LARGE-VOLUME INJECTORS: RISE IN BIOLOGICS BRINGS CHALLENGES

Fiorini P, Linnane G, Keily M, Coyne J, Grygorczuk M, “Large-Volume Injectors: Rise in Biologics Brings Challenges”, ONdrugDelivery, Issue 105 (Feb 2020), pp 47-50

Developing devices capable of delivering highly viscous biologic drug formulations at high volumes does not come without its challenges. Paolo Fiorini, Gerard Linnane, Michael Kiely, Maciej Grygorczuk and Joshua Coyne discuss these challenges and the merits of various drive solutions.

“One of the primary challenges in developing LVIs is the large injection forces required.”

It is anticipated that the market size for large-volume injectors (LVIs) will be US$8.1 billion (£6.2 billion) by 2025.1 This demand is largely being driven by growth in the biologics sector – one-third of annual drug approvals are now in biologics.2 Typically, these drugs are highly viscous and require large-volume injections to achieve the required therapeutic dose.

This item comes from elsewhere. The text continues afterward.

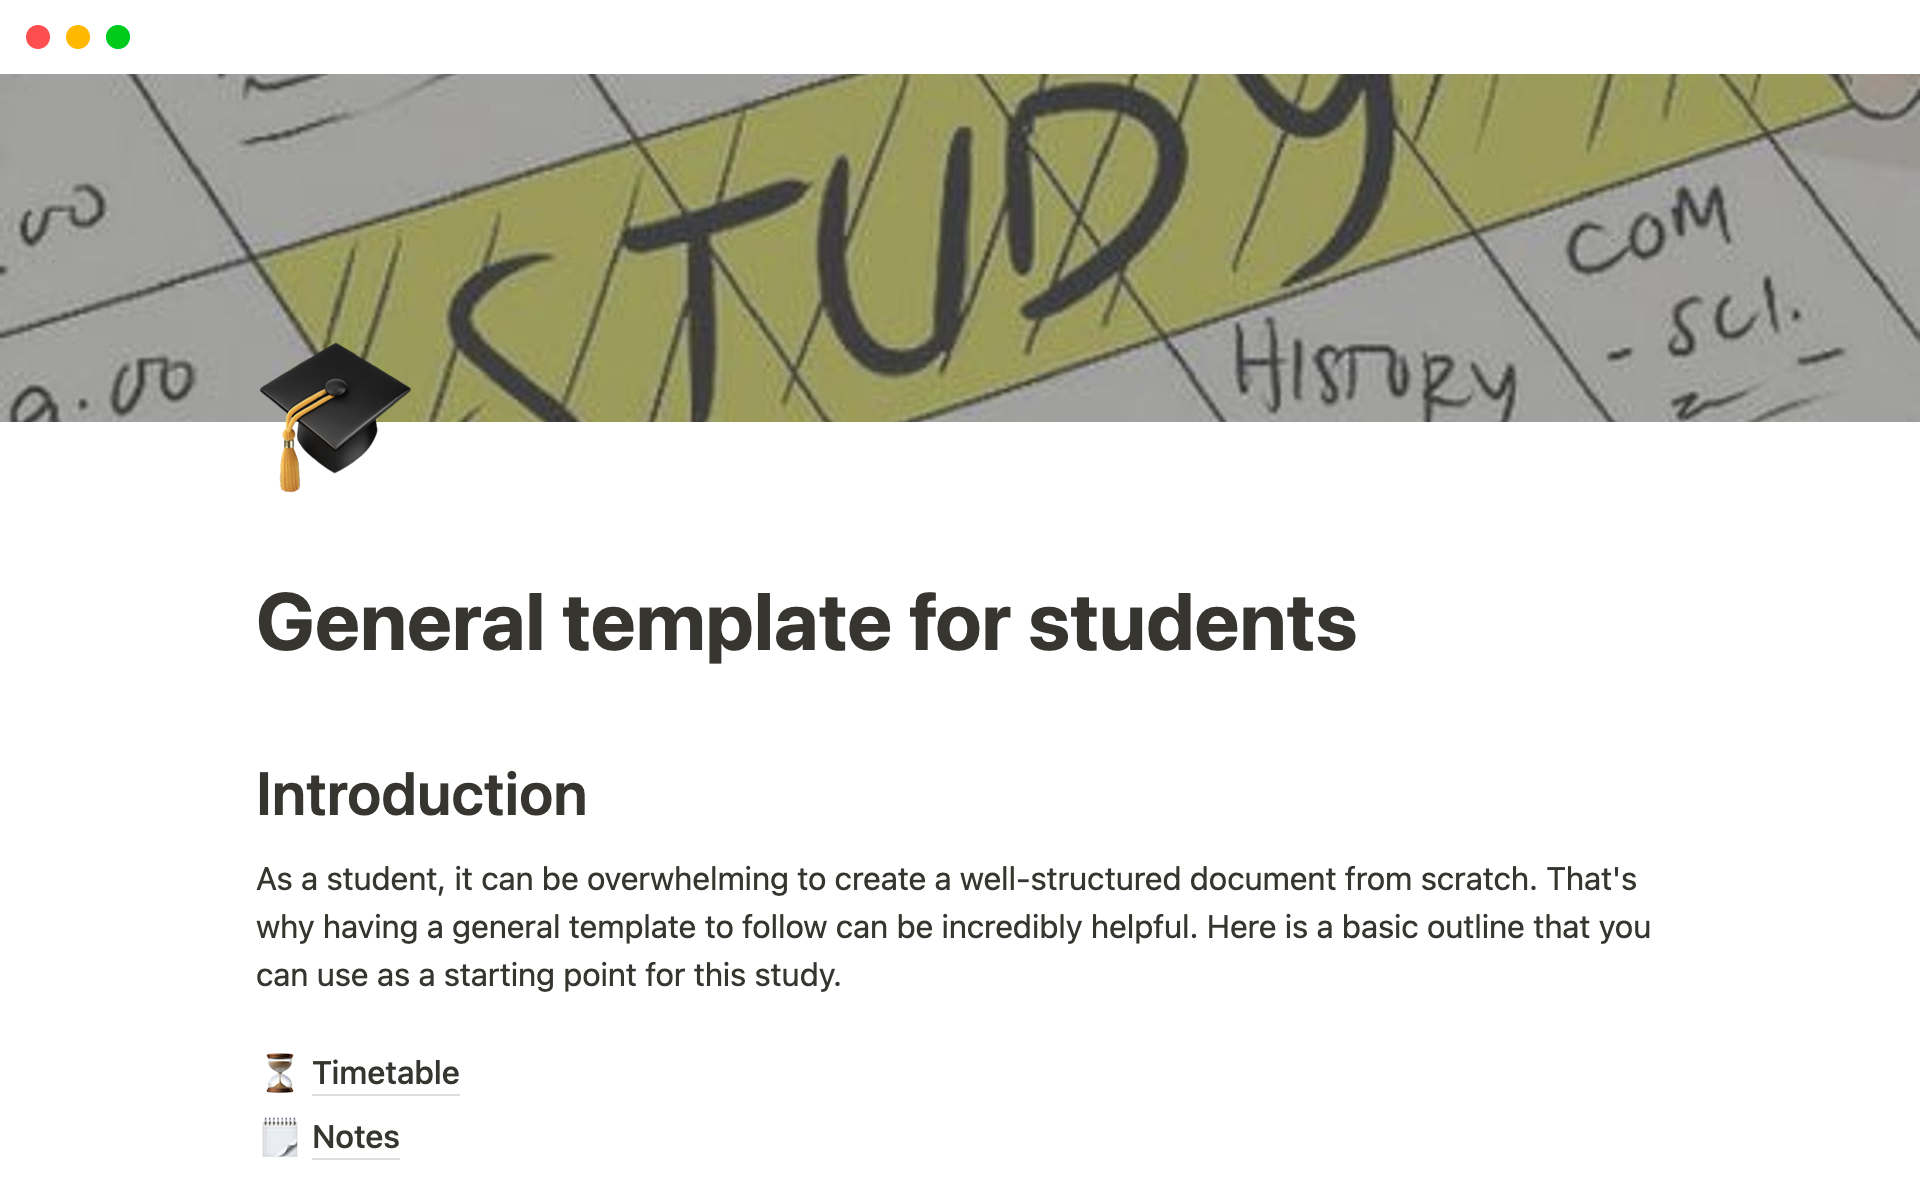 Aperçu du modèle de General template for students

Capability for the patient to deliver these drugs at home using an autoinjector would bring many advantages. There is a huge psychological benefit to the patient in administering their medication at home, in an environment that is comfortable and familiar to them, leading to improved patient outcomes. This also lessens the burden on the health system through reduced hospital visits and outpatient procedures.3

WHY SO CHALLENGING?

One of the primary challenges in developing LVIs is the large injection forces required. Some of the main factors that impact the injection force are:

  • Drug viscosity
  • Drug volume
  • Injection time
  • Syringe barrel internal diameter
  • Needle internal diameter
  • Needle length
  • Friction forces (including stiction).

These relate to the required injection force (Finj), as modelled by the Hagen-Poisseuile equation, for non-Newtonian fluids (Figure 1).

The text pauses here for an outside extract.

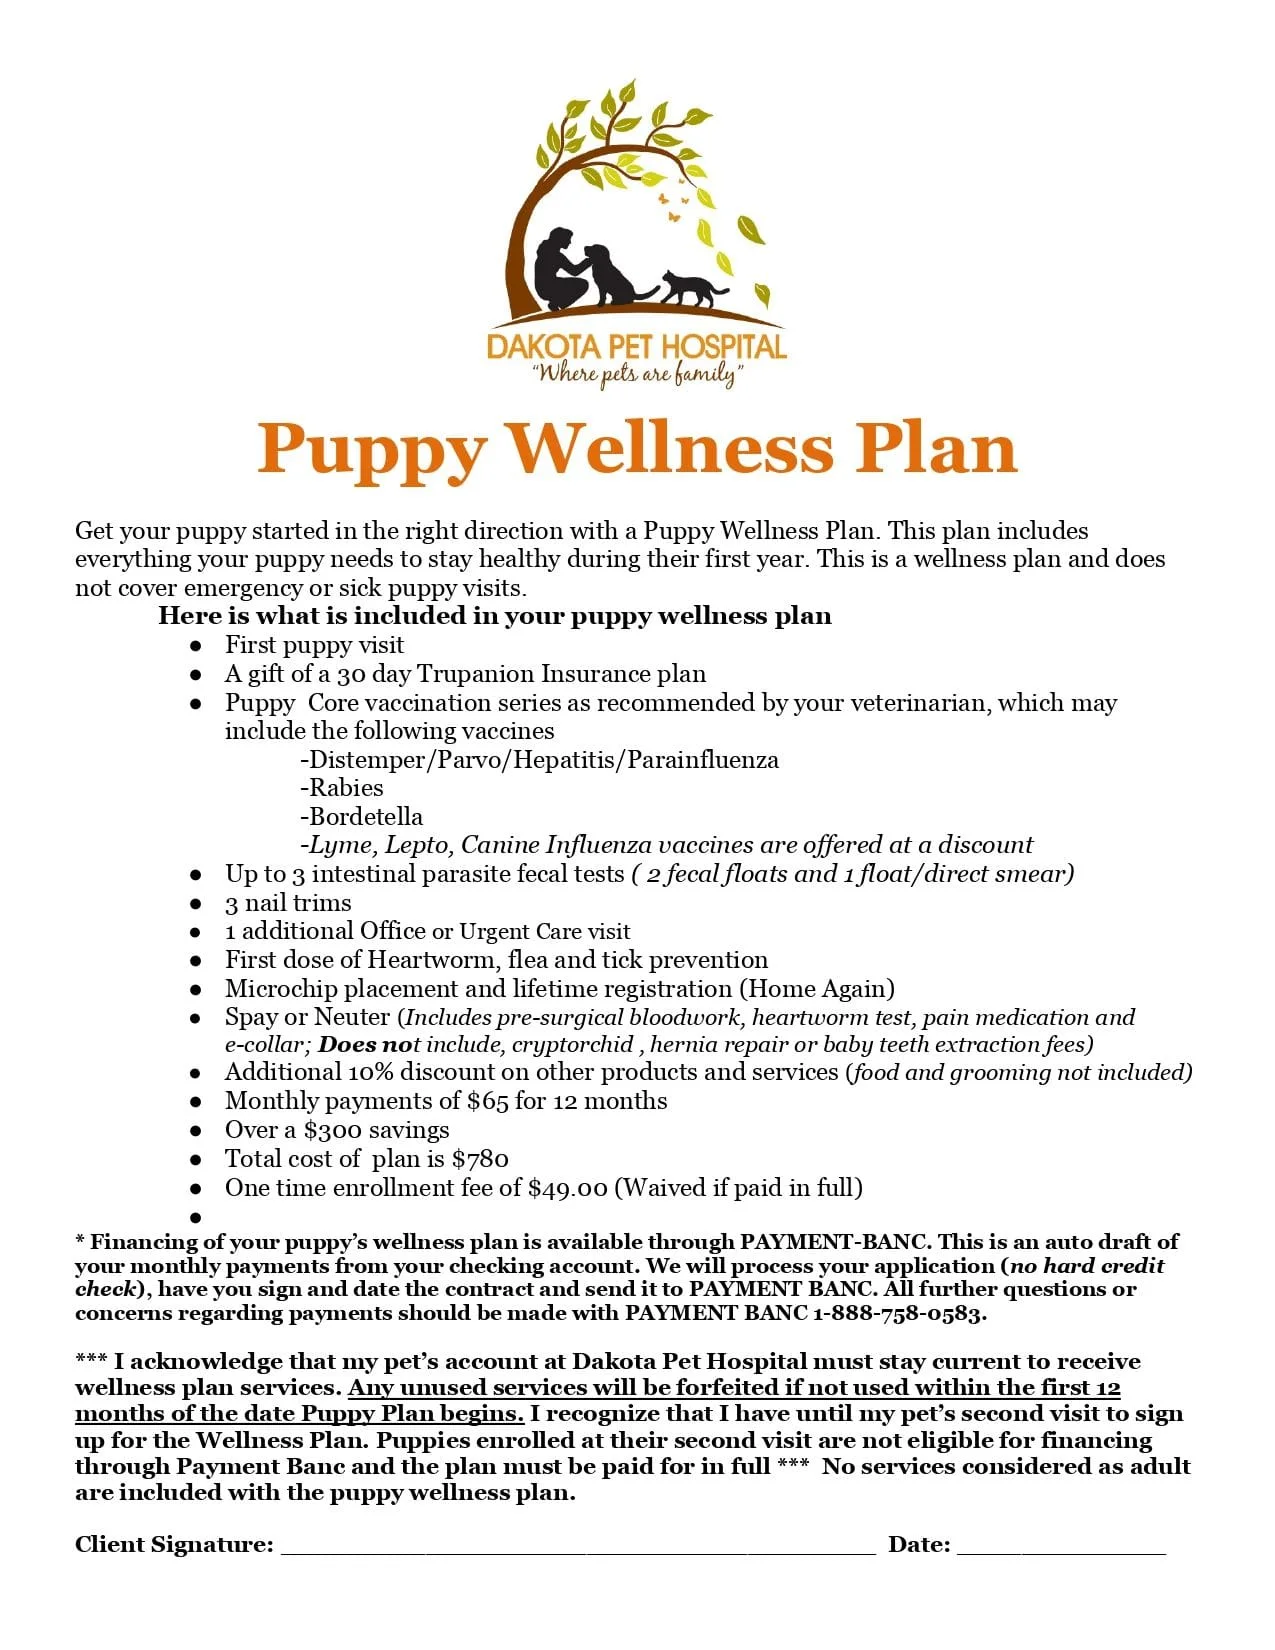 Puppy wellness plan

Figure 1: The Hagen-Poisseuile equation for non-Newtonian fluids.

For example, moving from a low viscosity 1 mL injection to a high-viscosity 5 mL injection will first require an increase in the flow rate (Q) to maintain a similar injection time. The viscosity value (μ) will increase with increased viscosity formulations. Furthermore, barrel diameter (A) can be increased to maintain the overall length of the device. The needle characteristics of length (L) and inner diameter (D) will typically stay the same so as not to adversely impact patient comfort. All these changes will contribute to a significantly higher injection force (Figure 2).

Figure 2: The impact of viscosity and volume on injection force.

NON-NEWTONIAN FLUIDS

“The four most common solutions are spring drives, gas drives, electromechanical drives and chemical drives.”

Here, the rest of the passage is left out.